Problem statement -
Each record below is to be retyped exactly, with its pictures omitted.

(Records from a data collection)

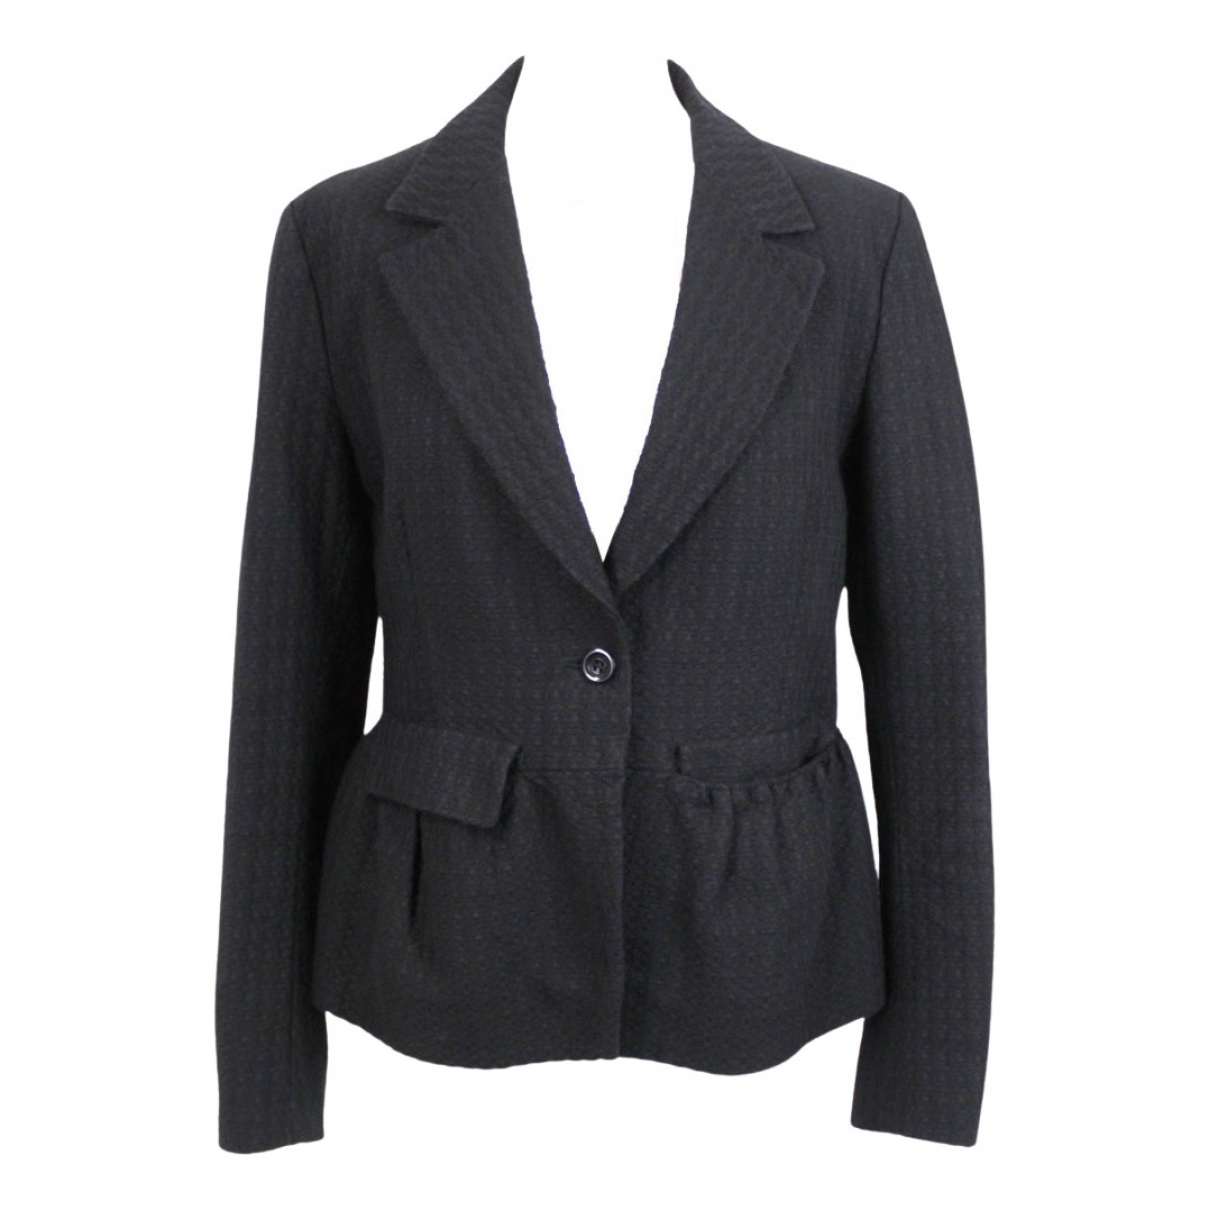 Dries Van Noten N Black Cotton jacket for Women L International
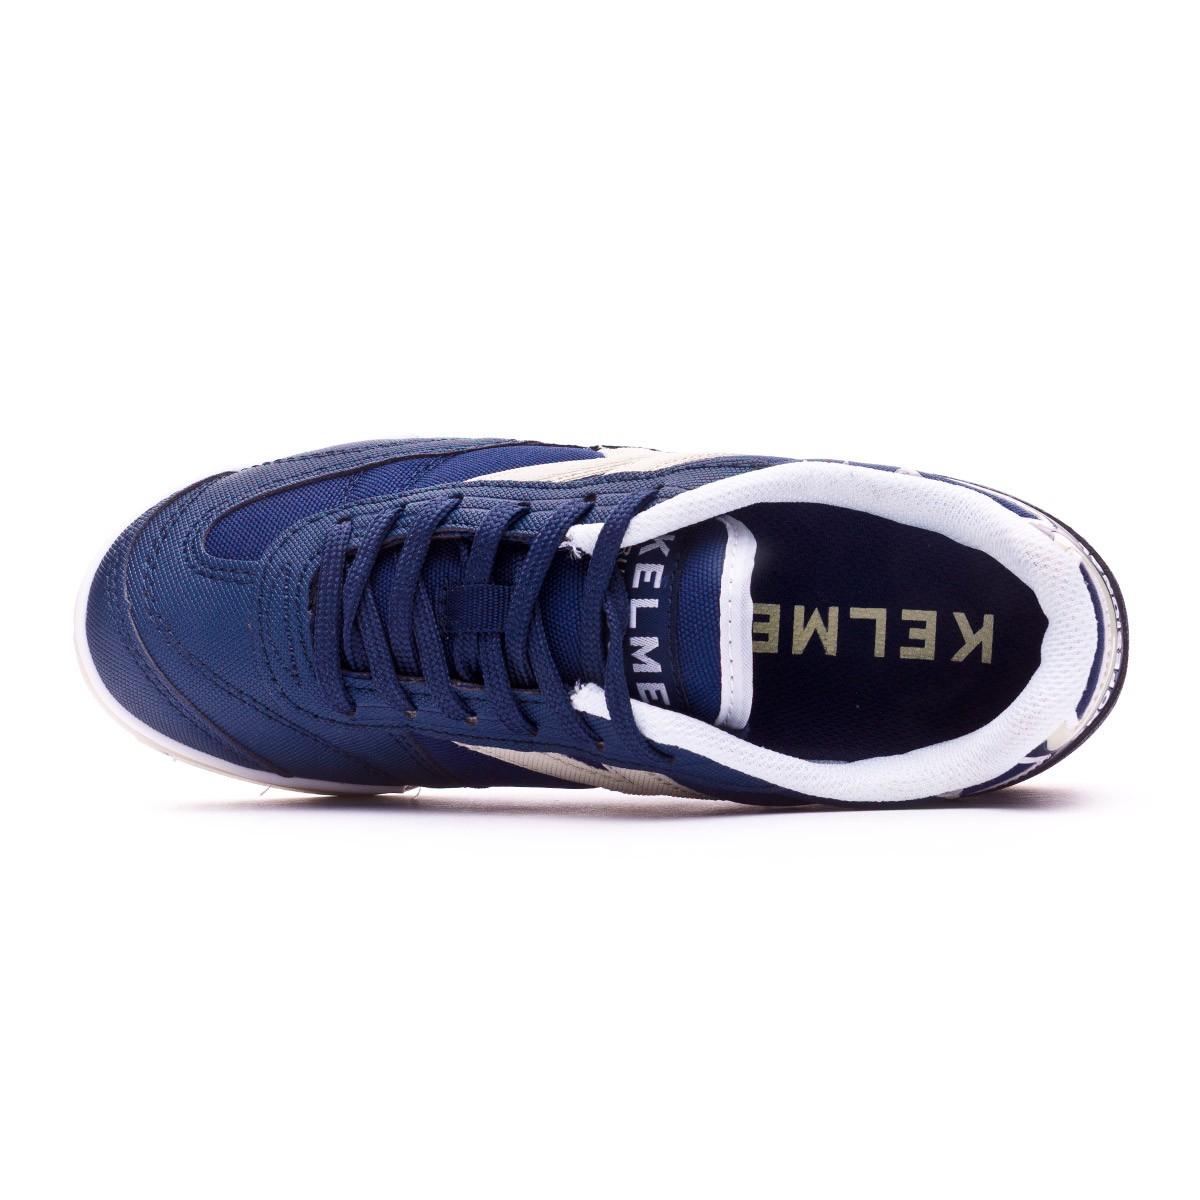 9e6cc482965 Futsal Boot Kelme Kids Trueno Sala 2.0 Navy blue-White - Football store  Fútbol Emotion
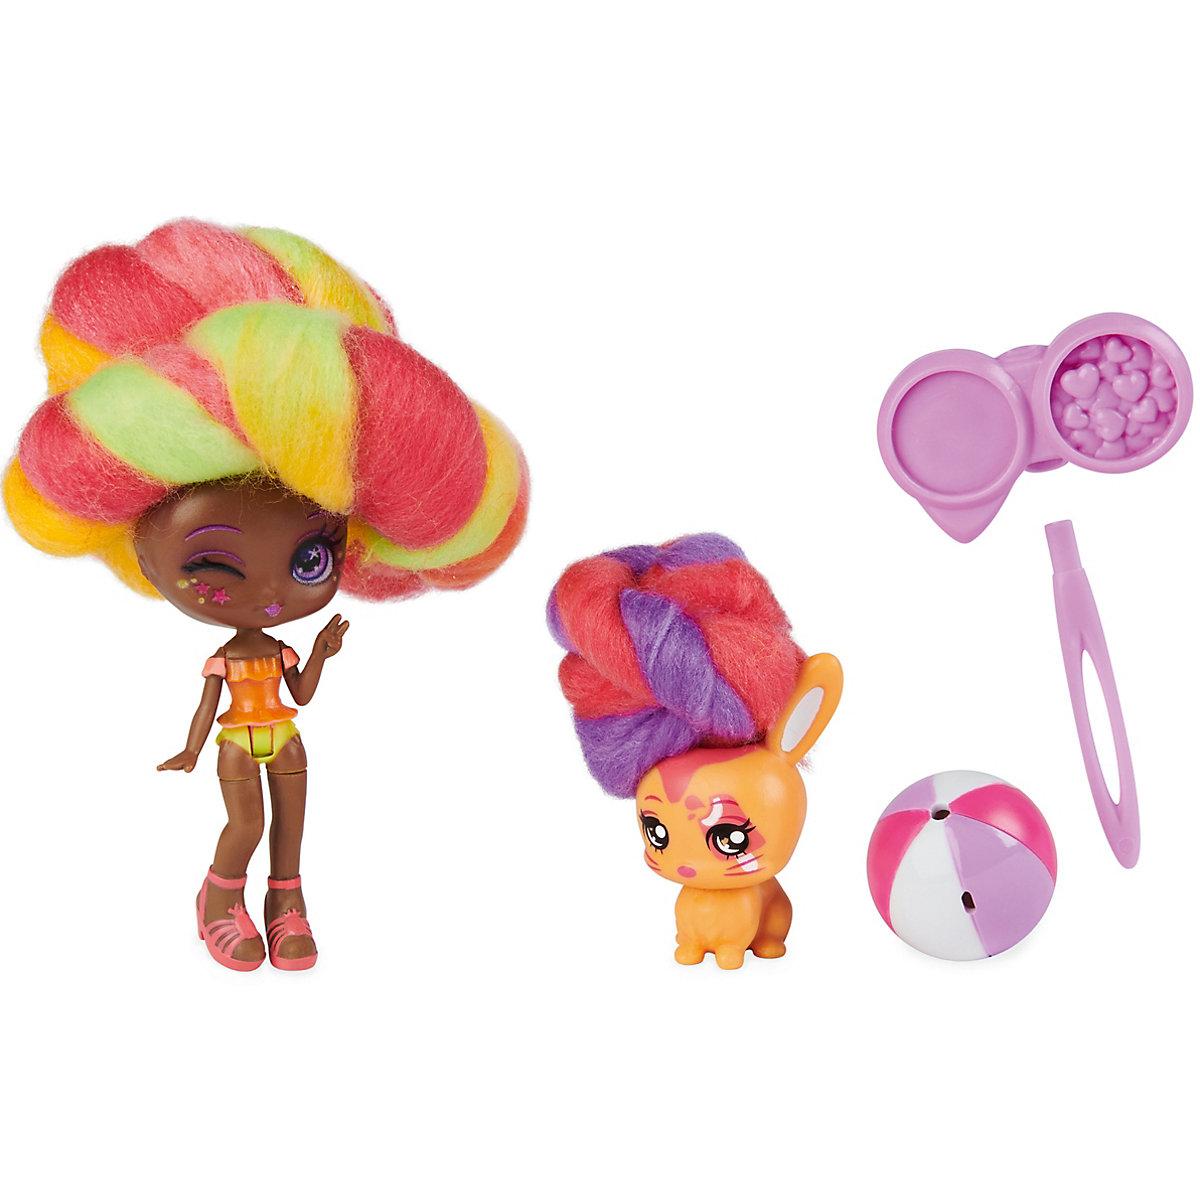 Candylocks - Doll and Pet / Margo Punch & Bridget Bunny Spin Master xpln7
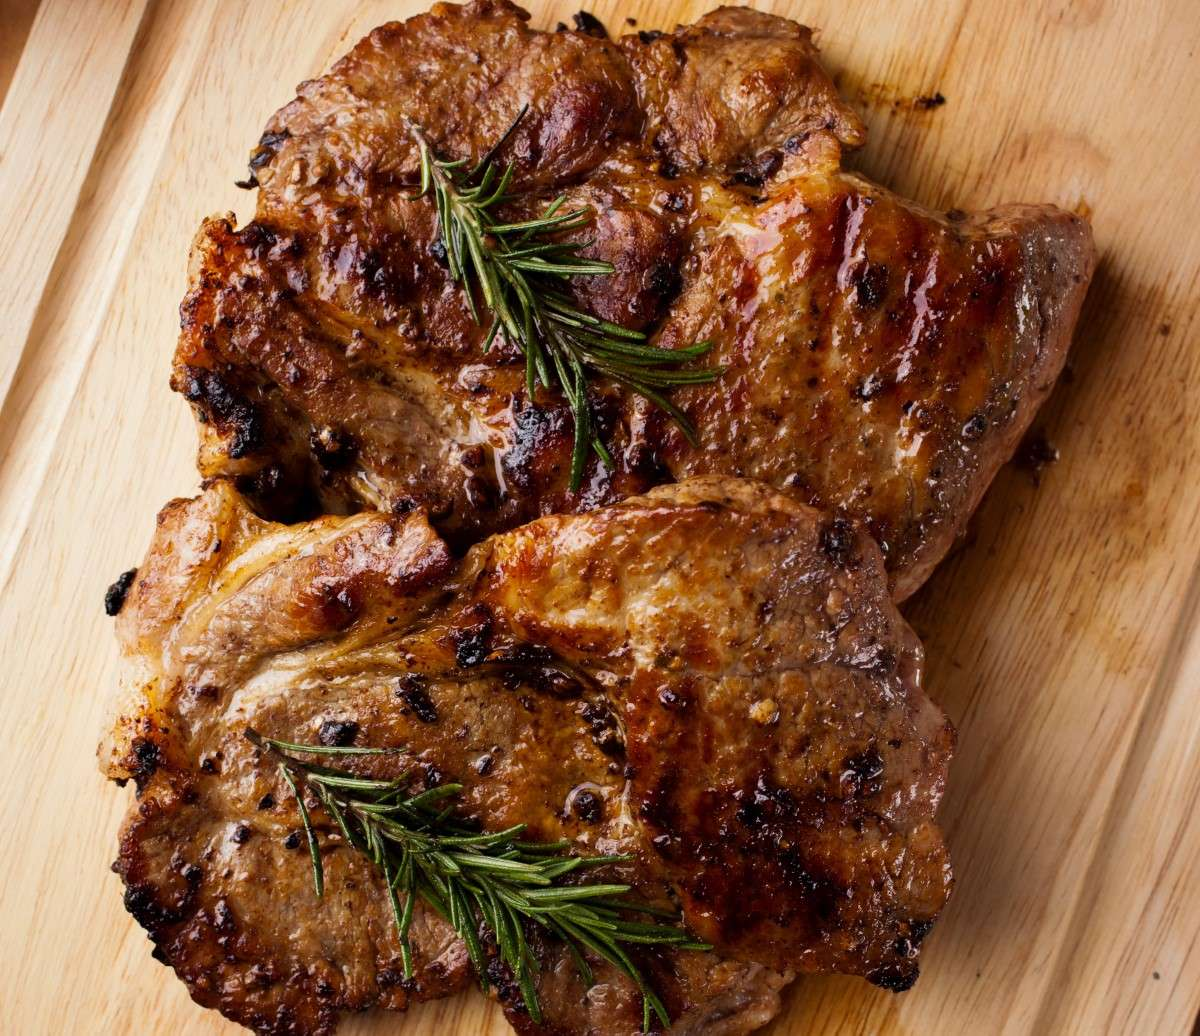 Garlic Rosemary Pork Chops
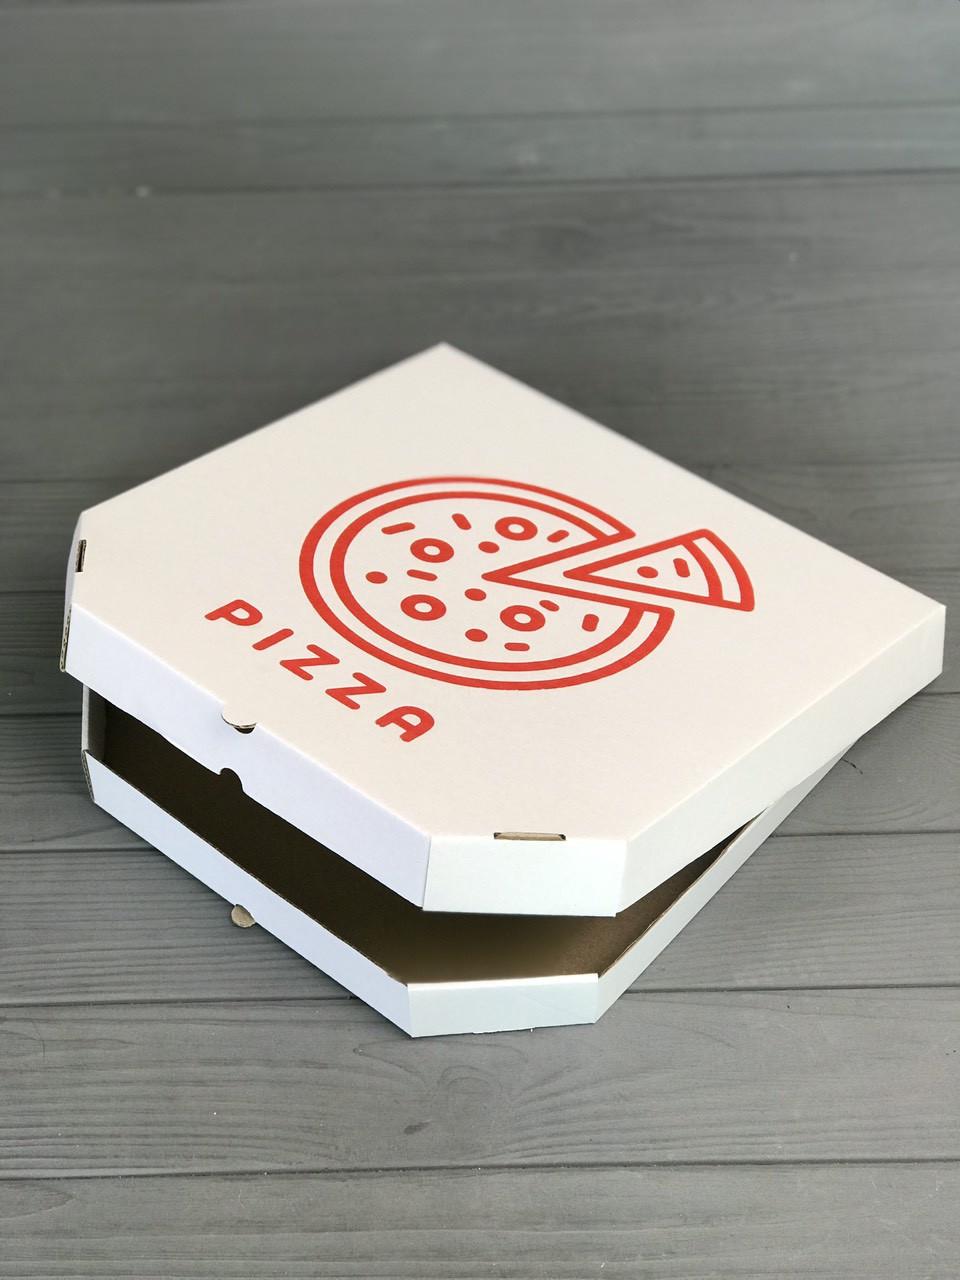 Коробка для пиццы c рисунком Pizza 300Х300Х30 мм (Красная печать)

Response box -
 Dries Van Noten N Black Cotton jacket for Women L International
 9e6cc482965 Futsal Boot Kelme Kids Trueno Sala 2.0 Navy blue-White - Football store  Fútbol Emotion
 Candylocks - Doll and Pet / Margo Punch & Bridget Bunny Spin Master xpln7
 Garlic Rosemary Pork Chops
 Коробка для пиццы c рисунком Pizza 300Х300Х30 мм (Красная печать)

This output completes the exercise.